Get rid of the ridiculous levy system and put in place a product levy. This links up with my comments about the regulatory role. If the FCA risk regulated products then applying a product levy to fund the FSCS would be straight forward.
Why are FOS so afraid to publish the qualifications of their people? Do we not all have the right to be judged by our peers? Come on FOS how many of your people are Chartered Financial Planners?

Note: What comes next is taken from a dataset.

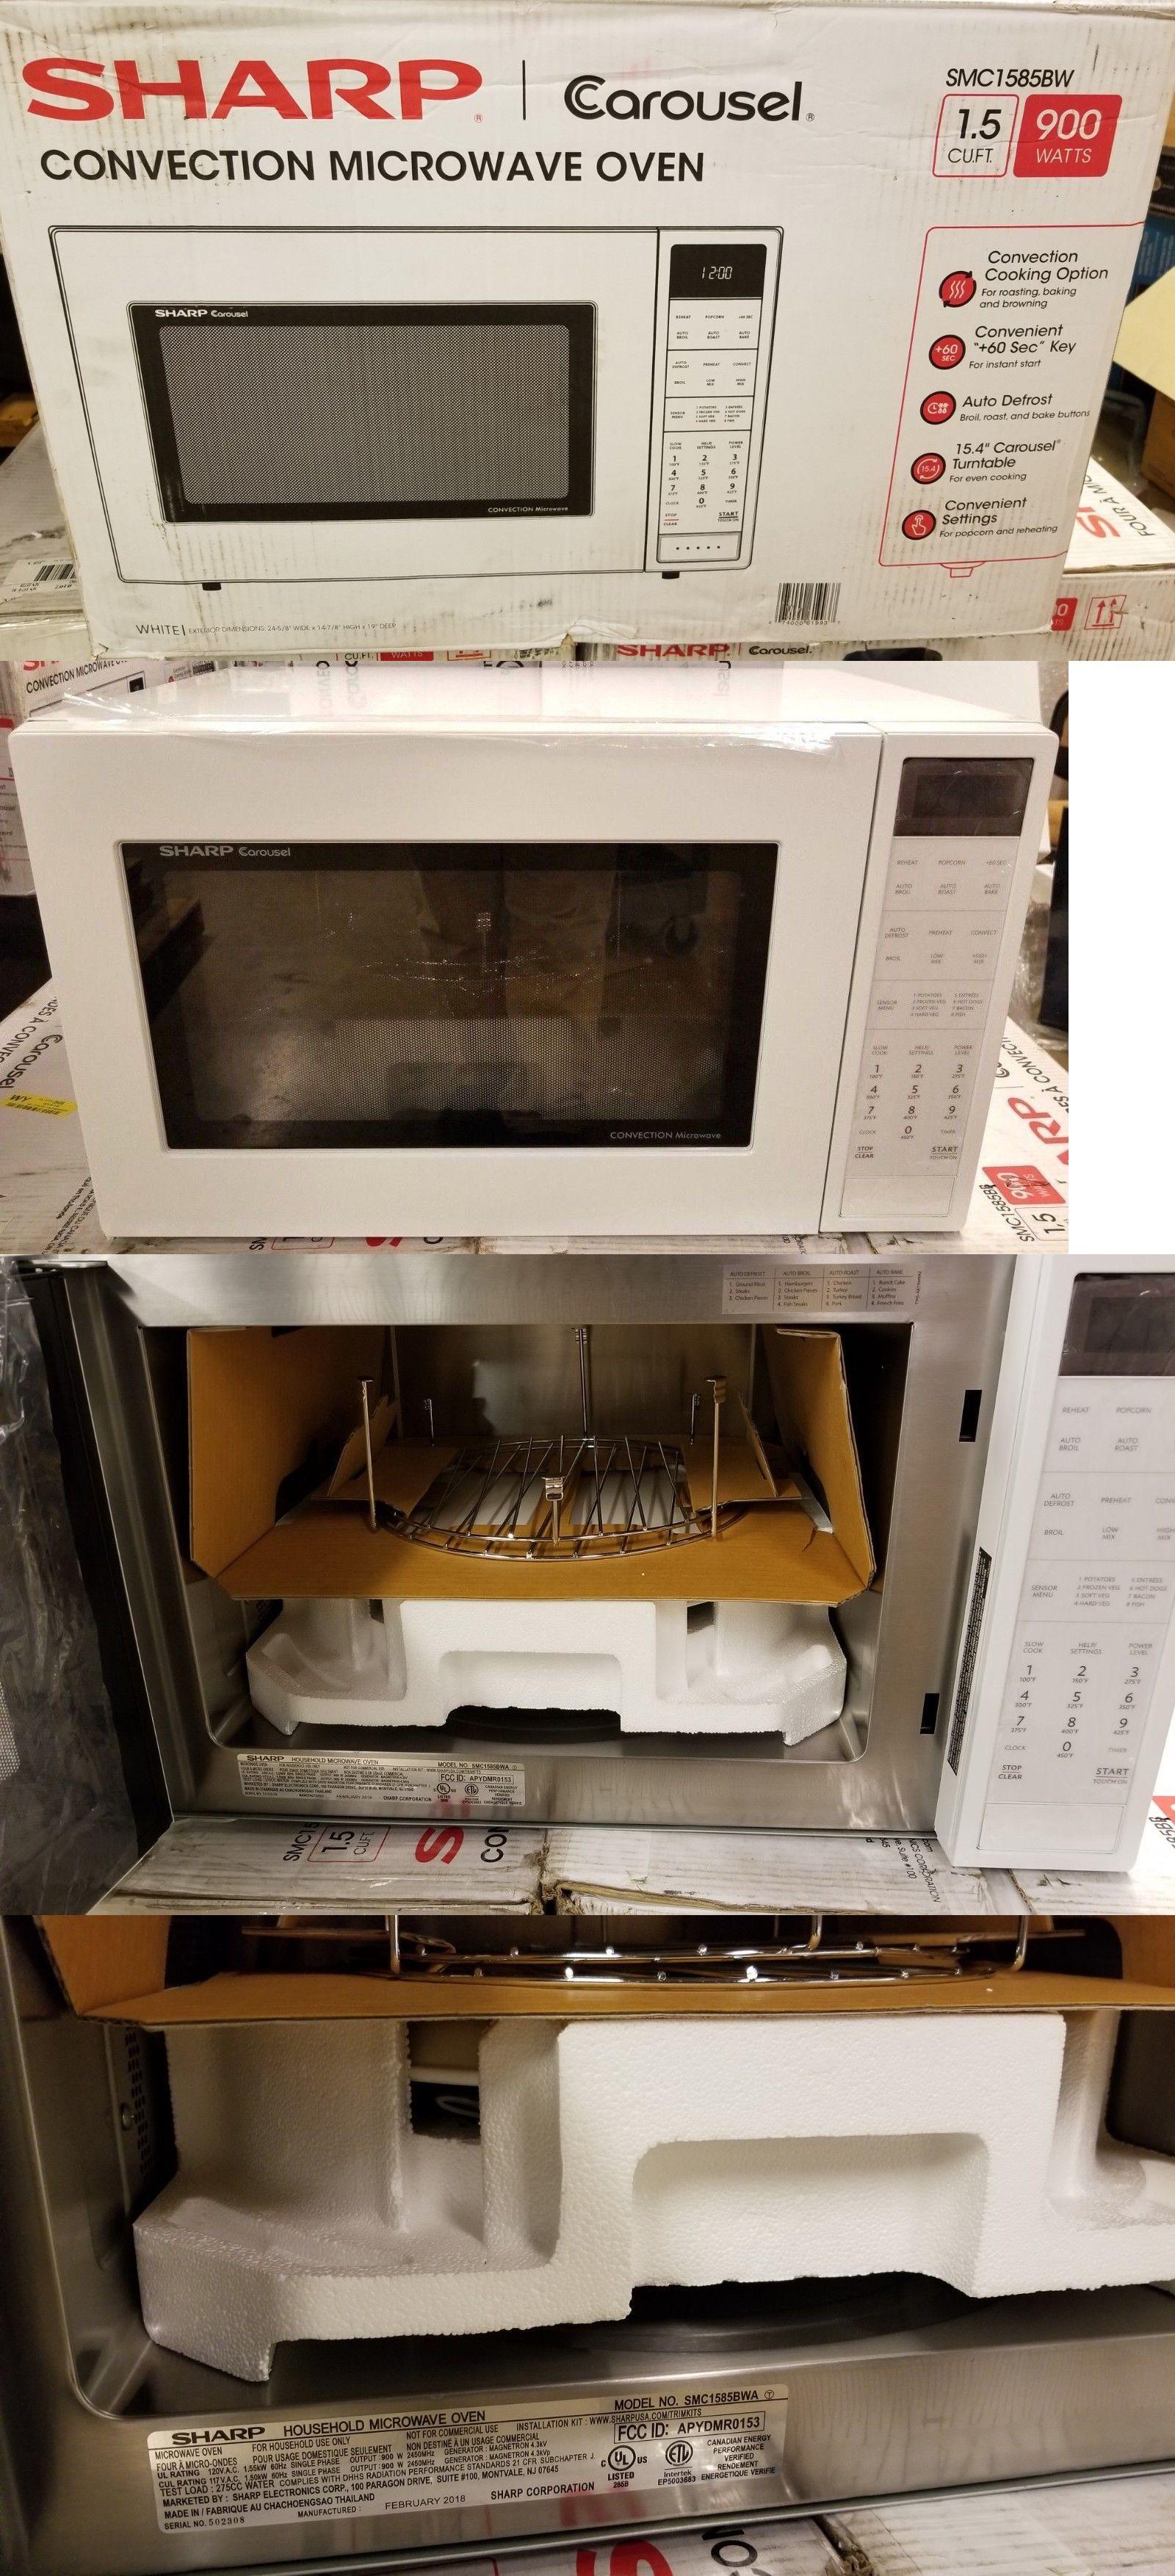 Microwave Ovens 150140 Sharp Smc1585bw 1 5 Cu Ft 900w Carousel

As an adviser I have to have a current Statement of Professional Standing and be signed up to a Code of Conduct of a professional body If the regulator regulated product they could leave me to get on an do the job for my customers
Seriously what is the RMAR Gabriel system all about? The regulator doesn’t use the data for anything close to useful. All it needs to know is that I have suitable PI Insurance, suitable capital adequacy and that I have dealt with any complaints. If it needs any nnumbers about my business it can go to Companies House and get them
Does the cost of regulation outweigh its value?
Yes, of course it does
Is anything I have to say or anything I think going to influence change? Not a hope!!